_TASK ITEM_. Below is a listing; transcribe it exactly but without any images.

_DATA EXCERPT_.
○ ○ ○

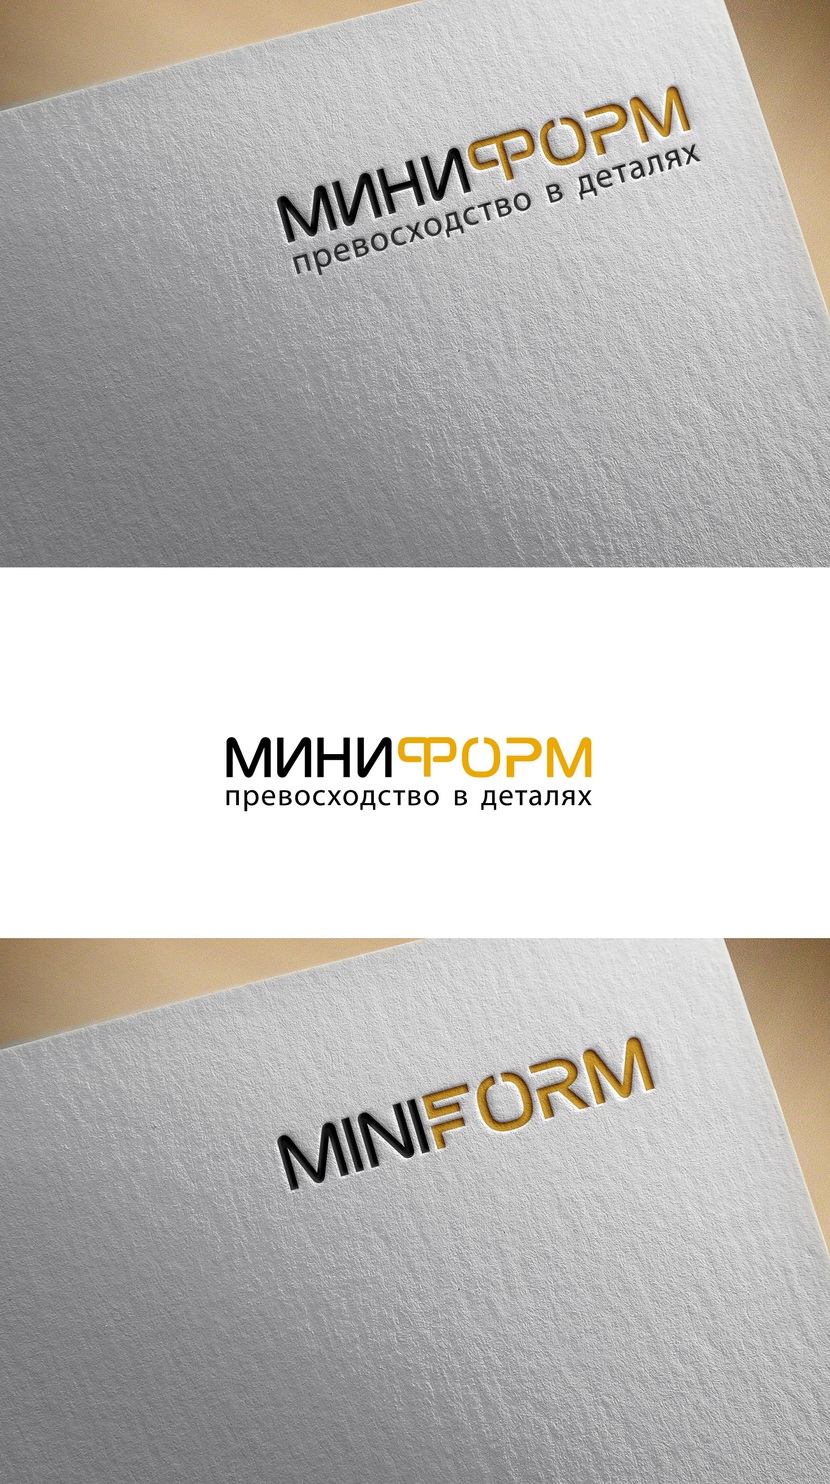 Логотип и фирменный стиль для разработчика и производителя комплектующих для офисной мебели MINIFORM
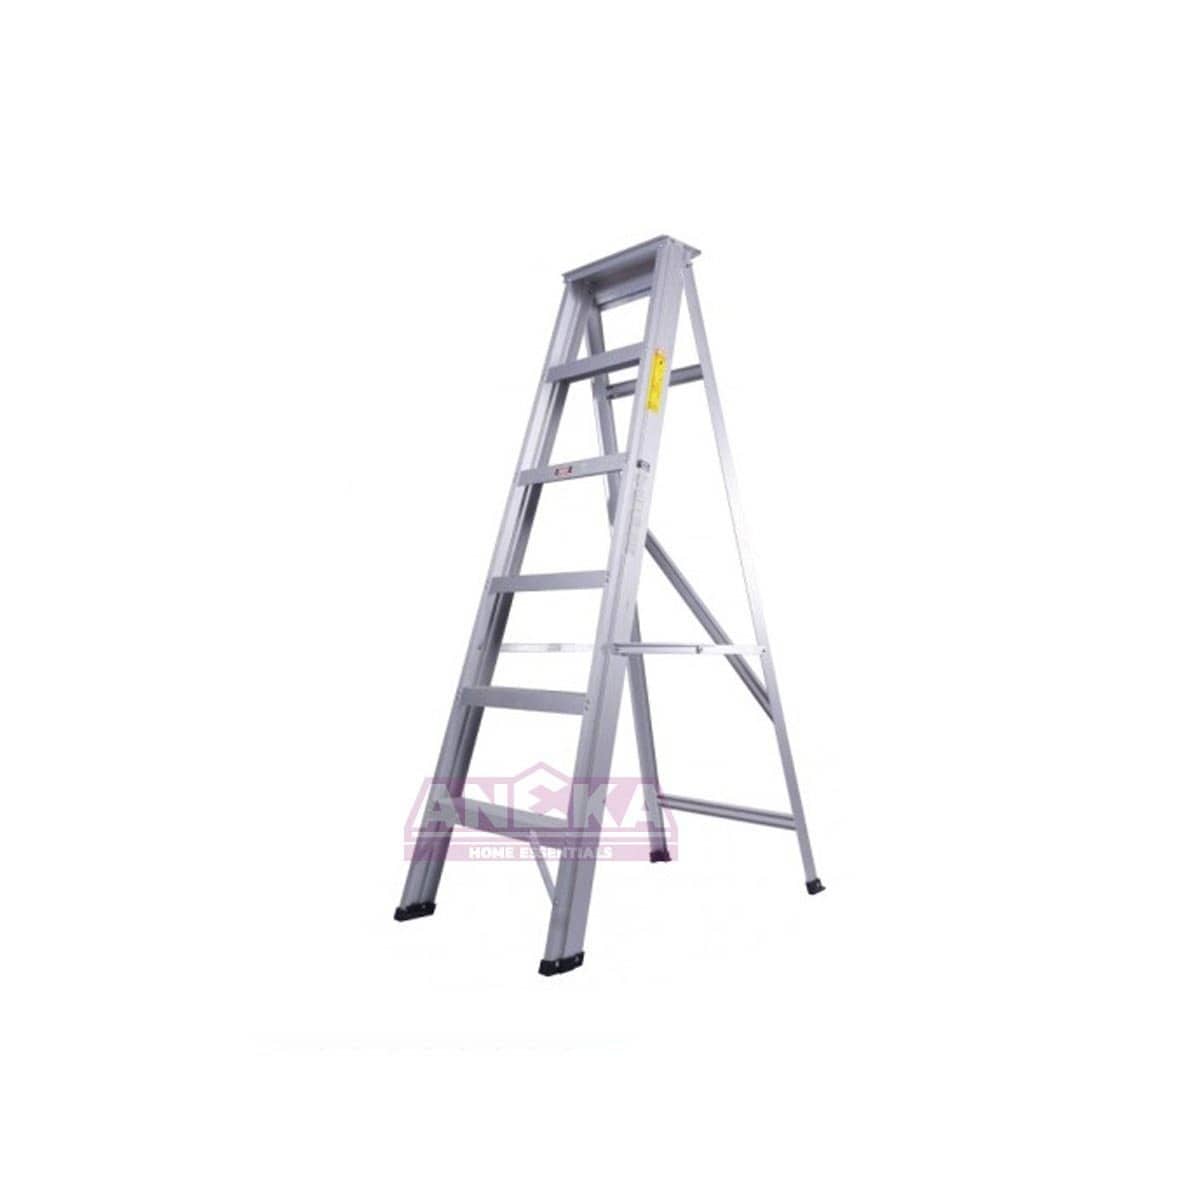 SUMO KING Heavy Duty Single Sided Ladder (10 STEPS)
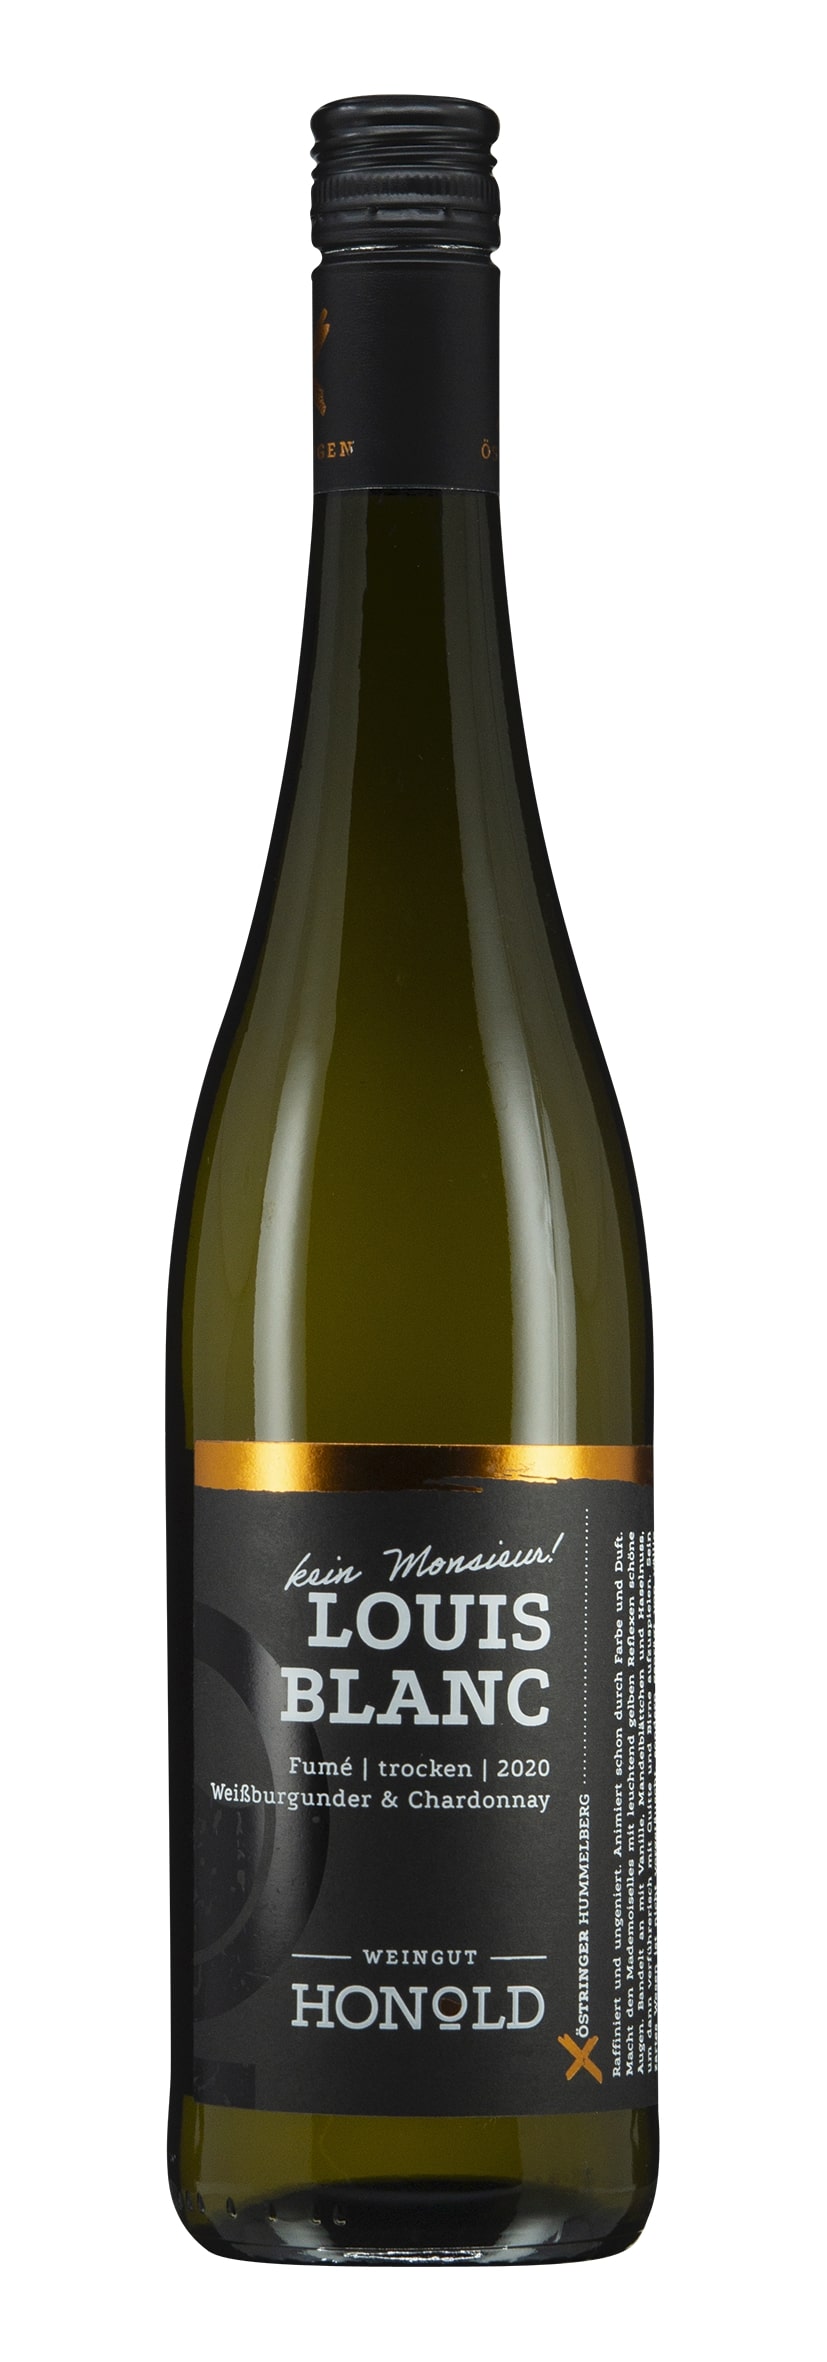 Weissburgunder Chardonnay trocken Louis Blanc 2020
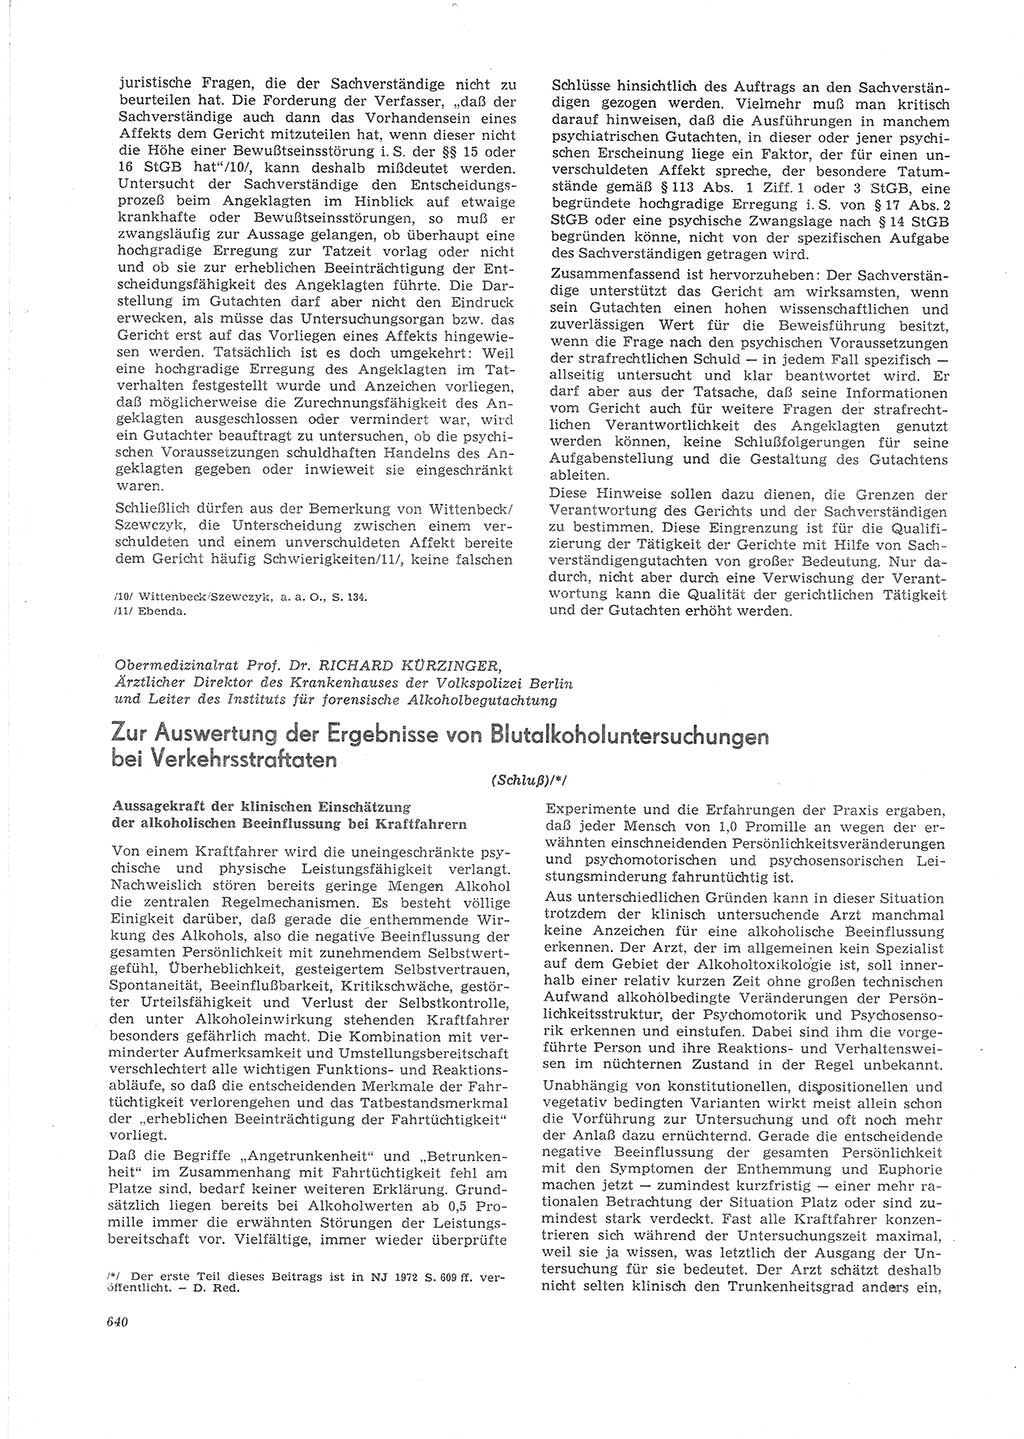 Neue Justiz (NJ), Zeitschrift für Recht und Rechtswissenschaft [Deutsche Demokratische Republik (DDR)], 26. Jahrgang 1972, Seite 640 (NJ DDR 1972, S. 640)

○ ○ ○

_EXERCISE ANSWER_.
 Логотип и фирменный стиль для разработчика и производителя комплектующих для офисной мебели MINIFORM
 SUMO KING Heavy Duty Single Sided Ladder (10 STEPS)
 Weissburgunder Chardonnay trocken Louis Blanc 2020
 Neue Justiz (NJ), Zeitschrift für Recht und Rechtswissenschaft [Deutsche Demokratische Republik (DDR)], 26. Jahrgang 1972, Seite 640 (NJ DDR 1972, S. 640)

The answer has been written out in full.